Problem 2: Fruit Splitting
Figs that crack or split on the tree are almost always a watering problem. The mechanism is simple: drought stress followed by a large influx of water causes fruit to expand faster than the skin can accommodate. Split figs immediately attract insects, souring bacteria, and mold, and they drop quickly.
Prevention is straightforward: maintain consistent soil moisture throughout the fruiting period, use drip irrigation or soaker hoses rather than infrequent heavy watering, and apply 3-4 inches of mulch to buffer soil moisture fluctuations. If a dry spell occurs, increase irrigation gradually rather than all at once. Closed-eye varieties — Celeste, Alma, LSU O'Rourke — are less susceptible to the souring that follows splitting, because insects cannot enter through the tight ostiole.
Problem 3: Souring
Souring is what happens when yeasts, bacteria, and fungi enter through an open eye and begin fermenting the fruit while it is still on the tree. The signs are unmistakable: gas bubbles and scummy masses oozing from the eye, a strong fermented odor, inedible fruit. There is no chemical cure once souring begins.
The prevention strategy is threefold: grow closed-eye varieties (Celeste, LSU O'Rourke, Alma) where souring is a persistent problem; harvest promptly, because overripe fruit that stays on the tree is far more susceptible; and keep fallen fruit off the ground. Overhead irrigation that keeps fruit surfaces wet also increases susceptibility.
Problem 4: Root-Knot Nematodes
The most serious long-term threat to in-ground figs in sandy soils, and the one with no solution after the fact. Root-knot nematodes are microscopic roundworms that feed on fig roots, causing swollen galls that block water and nutrient uptake. They protect themselves inside the plant's own tissue and cannot be chemically eradicated. Infected trees show progressive decline over multiple seasons: yellowing foliage, stunted growth, intensified drought and heat stress, and the characteristic root galls visible if you dig and inspect.
There is no cure. The only strategies are prevention: avoid sandy soils and sites with known nematode history, conduct a nematode soil test through your county extension service before planting in any sandy site, and seriously consider container growing if you are in high-risk territory. Container growing in sterile potting mix eliminates nematode risk entirely.

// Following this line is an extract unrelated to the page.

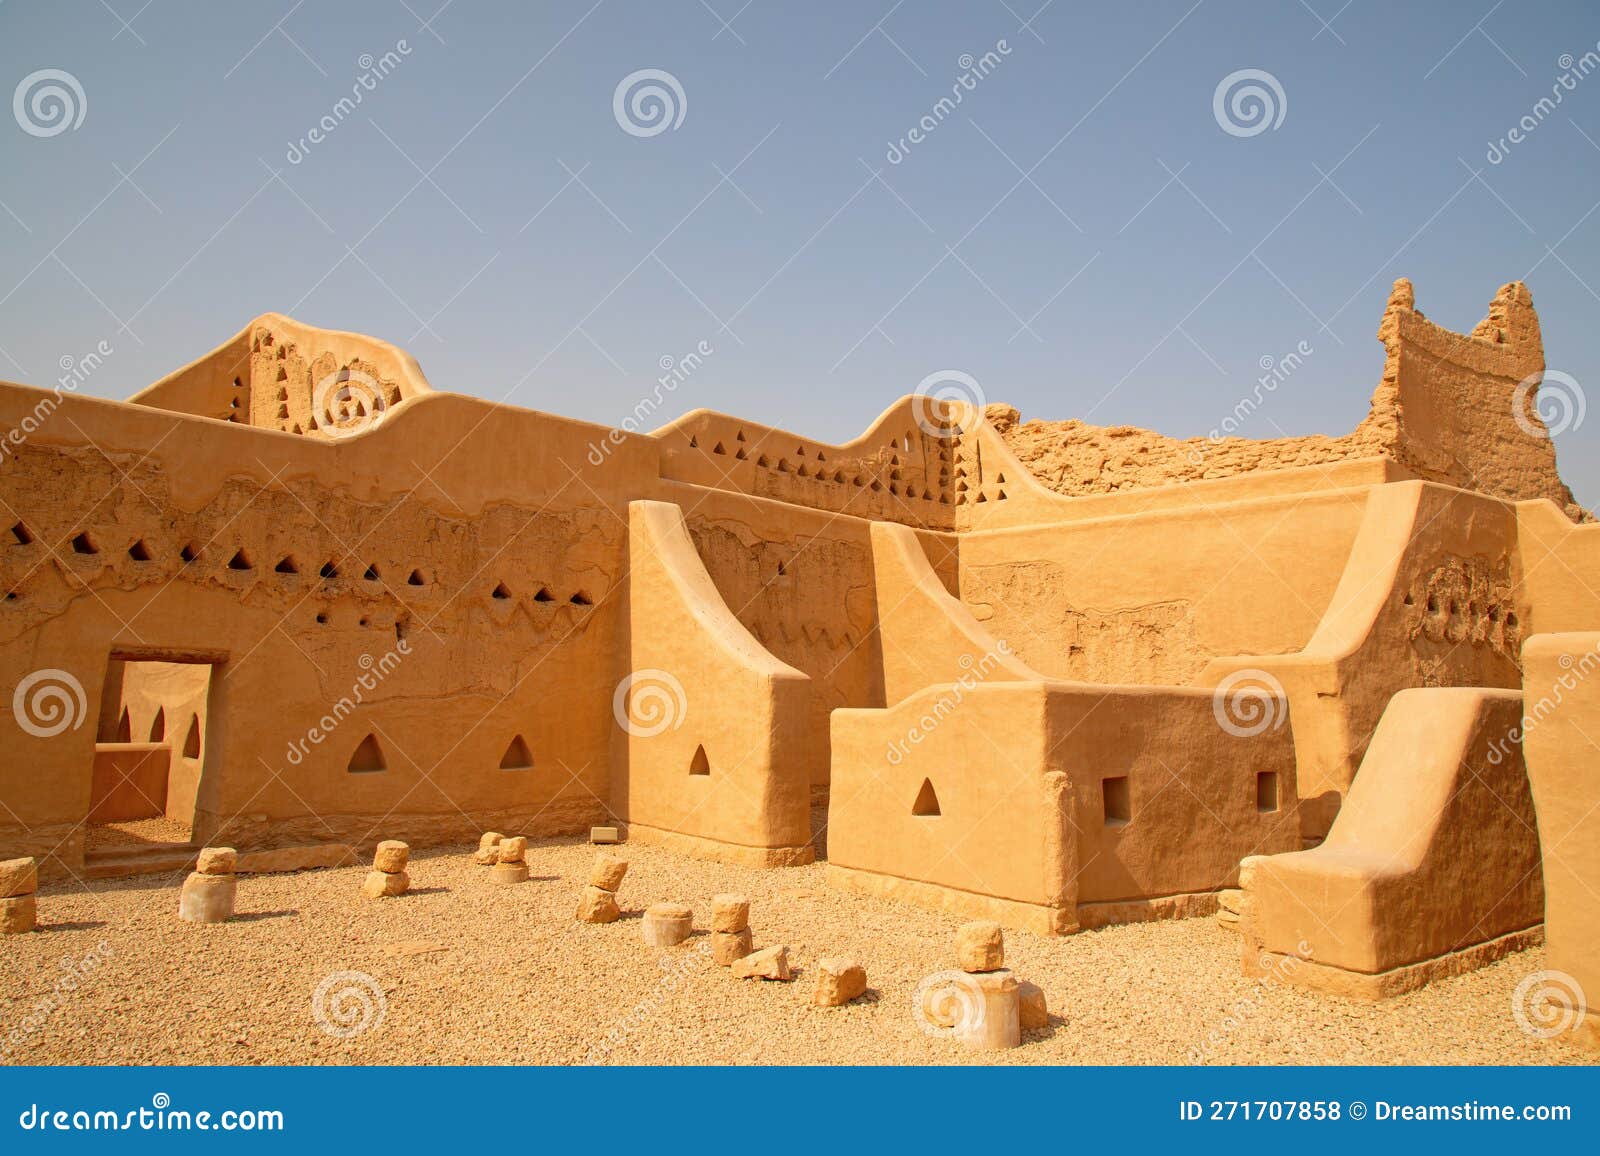 ruins of diriyah
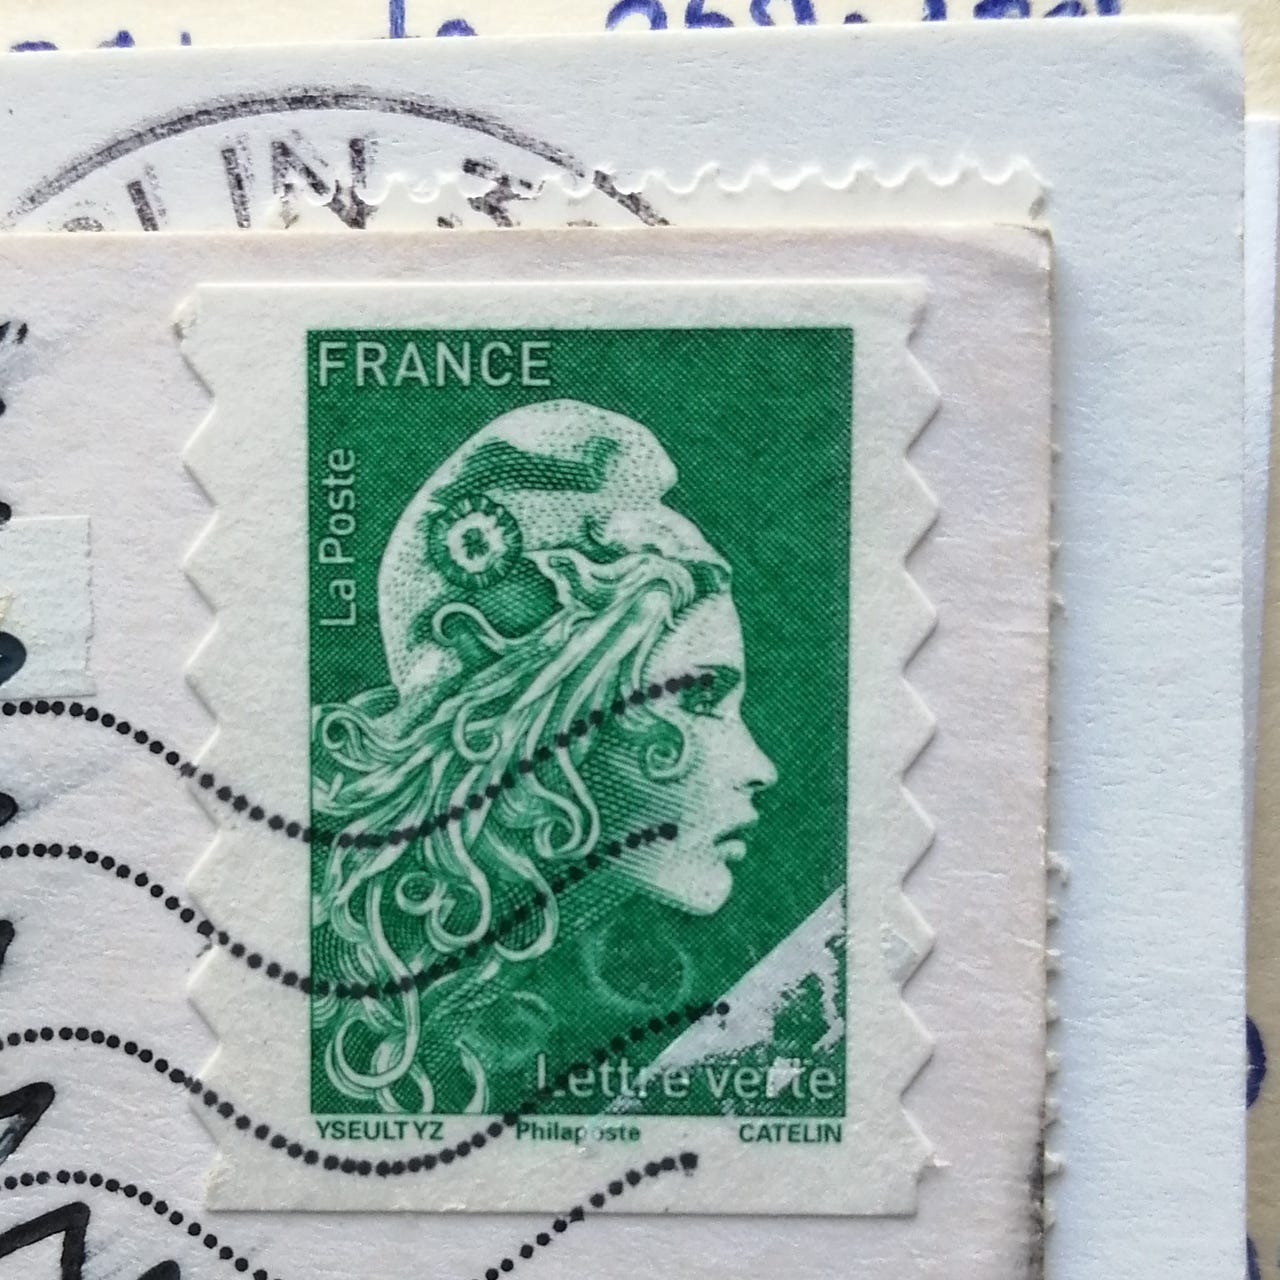 Artwork for Paris Stamp

Problem 5: Birds and Squirrels
Birds target ripe fruit, especially dark-colored varieties. Green-fruited varieties are less targeted because they blend with the foliage. The fix is bird netting, applied before fruit begins to soften — once birds find the tree, they return daily. A well-netted tree eliminates virtually all bird damage. The 10-15 minutes to net the tree is the highest-return protection investment for anyone losing significant fruit to birds.

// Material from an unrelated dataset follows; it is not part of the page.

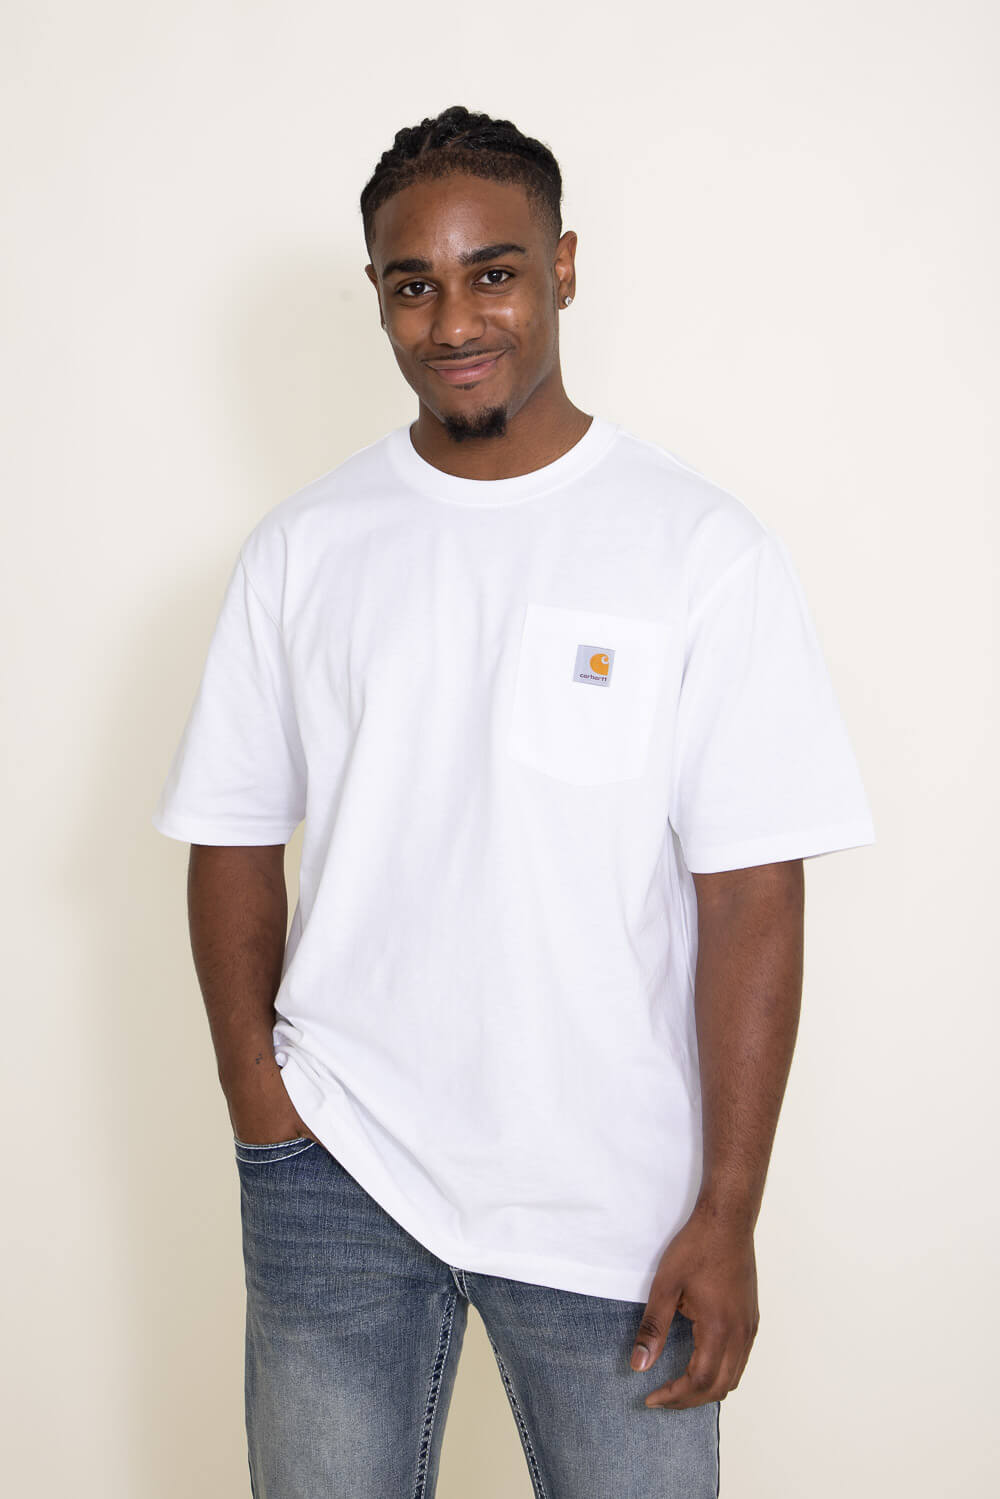 White Pocket T-Shirt For Men

Squirrels are more persistent. Trunk baffles prevent climbing access. Hardware cloth cages around individual fruit clusters work for targeted pressure but are labor-intensive. For significant squirrel pressure, the netting and baffle combination is the most effective practical approach.
Problem 6: Wrong Variety for the Zone (Smyrna Type)
If you bought a Calimyrna or other Smyrna-type fig for an eastern US garden, all the fruit will drop before maturity — every season, without exception. The fig wasp that pollinates Smyrna-type figs was introduced into California for commercial Calimyrna production and does not survive eastern winters. Replace with any Common-type variety: Brown Turkey, Celeste, Chicago Hardy, or any LSU release.